With funding still being a challenge for startups in Australia, governments and larger corporates are emerging as a source of support for promising new companies.
Written by Tim Lohman, Contributor

Australia's startups continue to face challenges in securing funding for their new ideas, according to startups themselves. However, funding and support programs from governments and major corporations are increasingly helping them compete on the global scene.

Speaking at Microsoft's TechEd 2013 conference, George Slavov of social application startup Nubis said the major challenge faced by startups in Australia is securing funding.

"There is money available from venture capital, but it is difficult to get and quite limited, so unless you are student just starting out with an idea or a very small team which needs very little money and has very little expenses, it is quite difficult," he said.

"You either have to go overseas to find investment or you have to find a way to self-fund."

Marty Smee of skills search startup Cooperating said conditions are difficult, but added that Queensland in particular is becoming supportive of startups.

As evidenced by the acquisition by Twitter of Brisbane-based music app We Are Hunted earlier this year, the state is also becoming recognised as a home for innovative companies.

"Brisbane seems to be a bit of a changing scene ... there is some momentum growing," Smee said. "For our concept, there is a social innovation fund which has just opened up in Brisbane. I feel like we are on the verge of something.

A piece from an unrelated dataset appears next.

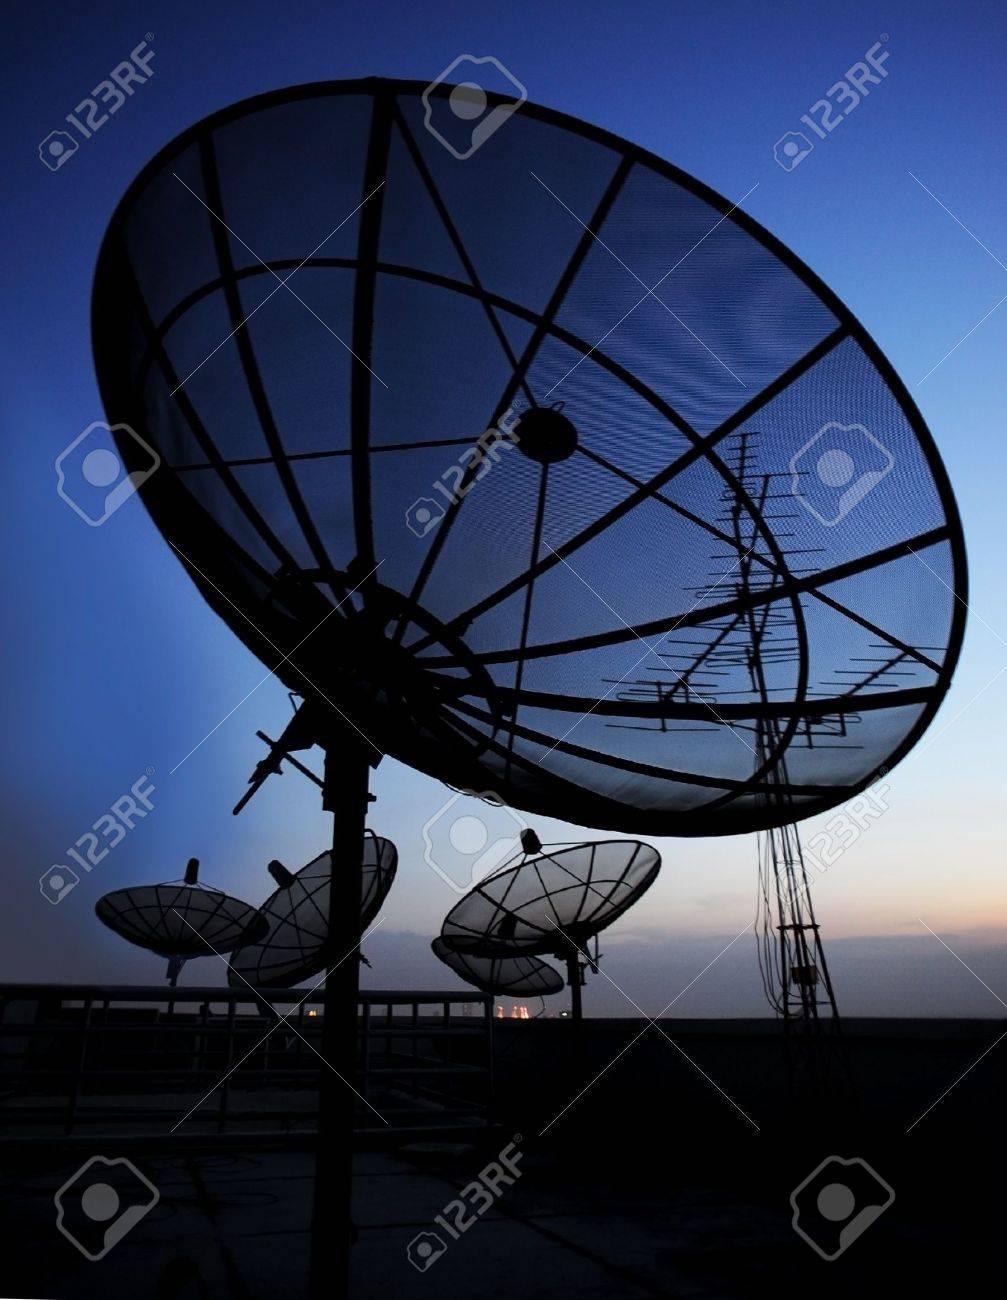 satellite communication disk on evening background Stock Photo - 8875909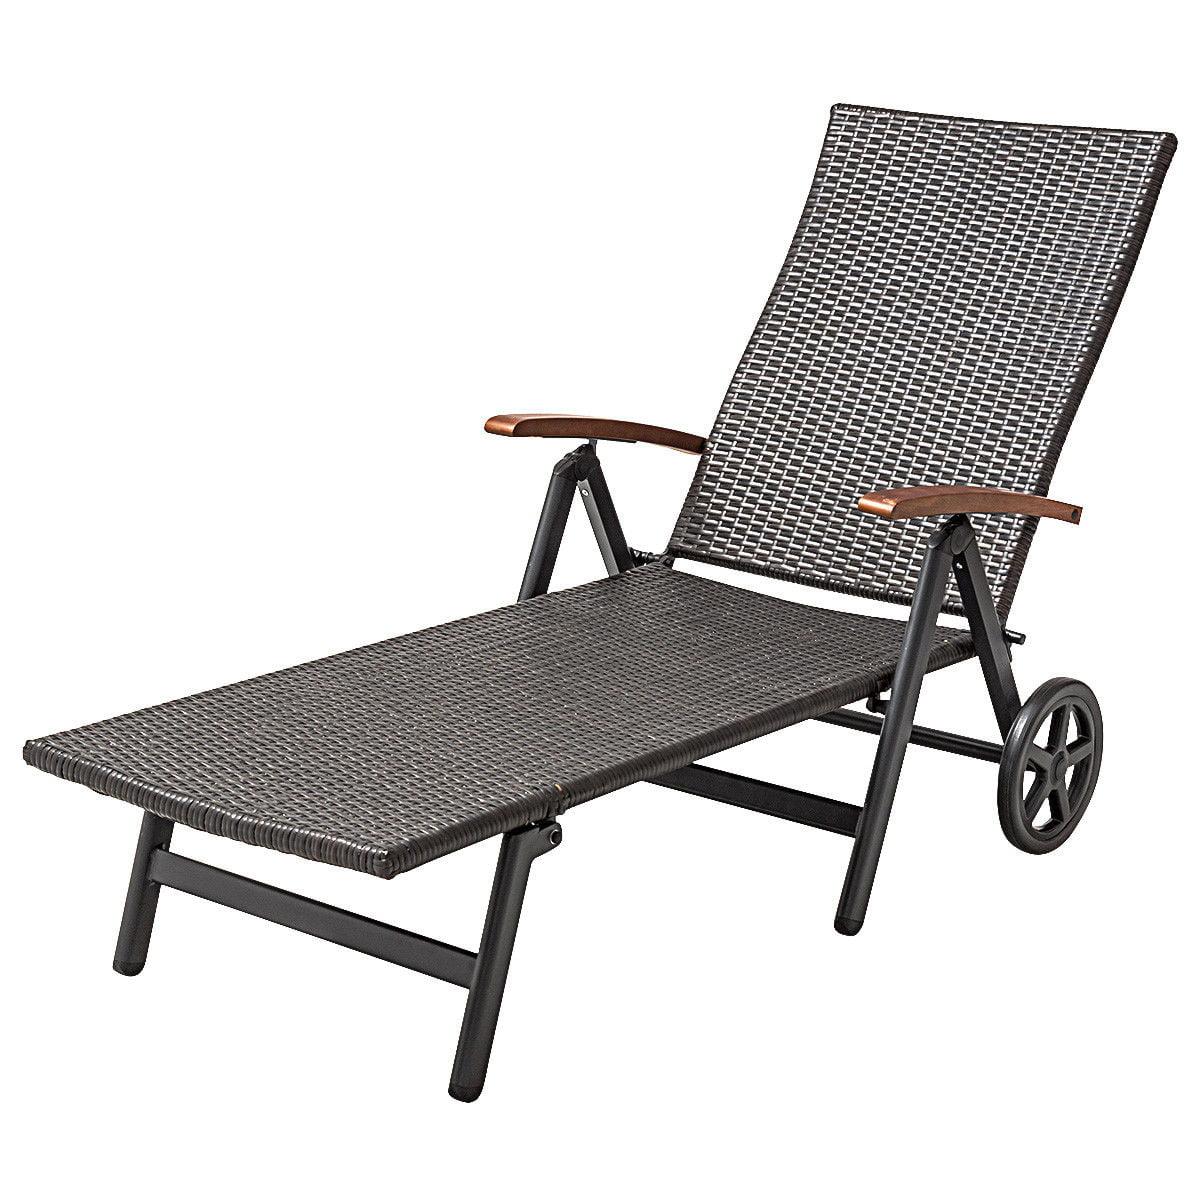 Gymax Folding Recliner Adjustable Lounge Chair Wheels Patio Deck Beach Brown Rattan

"That's what you need: A good exit, a good international story, and the world seeing that we work hard and don't cost quite that much. I feel better and better about the funding scene all the time, but I do agree it is difficult."

Catherine Eibner, startup adviser at venture technology investment agency BlueChilli, said that government incentives for startups — such as the NSW government's Innovate program — are growing. However, access to reliable funding remains an issue.

"Where we're seeing the key investment is friends, family, and founders for early stage investment," she said. "But at later-stage investment, it is corporates — companies like Microsoft, with its BizSpark program, and now Coca Cola is opening up an accelerator program as well, so there is a greater trend for that at the moment."

Jordan Knight at social photography app startup Project Tripod said grants from technology companies are becoming a greater source of funding, as well as commercial advice and technological assistance for startups.

"One piece of advice that [Microsoft and Nokia] gave us was on how to apply for the [Nokia and Microsoft-funded mobile application accelerator program] AppCampus initiative out of Finland. We did and we got it, and all of a sudden we had €50,000, and idea and a product to build."

Knight said Project Tripod has also benefited by graduating from Microsoft's BizSpark program, which provides technology, support, and promotion to startups and entrepreneurs.

"People just see [Microsoft's] BizSpark as a way to get free software sometimes, but that is completely not true," he said.

"All too often, monetary considerations come into [play], because we are a low-funded startup, but we are able to make technology decisions, not funding decisions, which completely free us up to work on what we are good at."

Tim Lohman travelled to TechEd 2013 as a guest of Microsoft.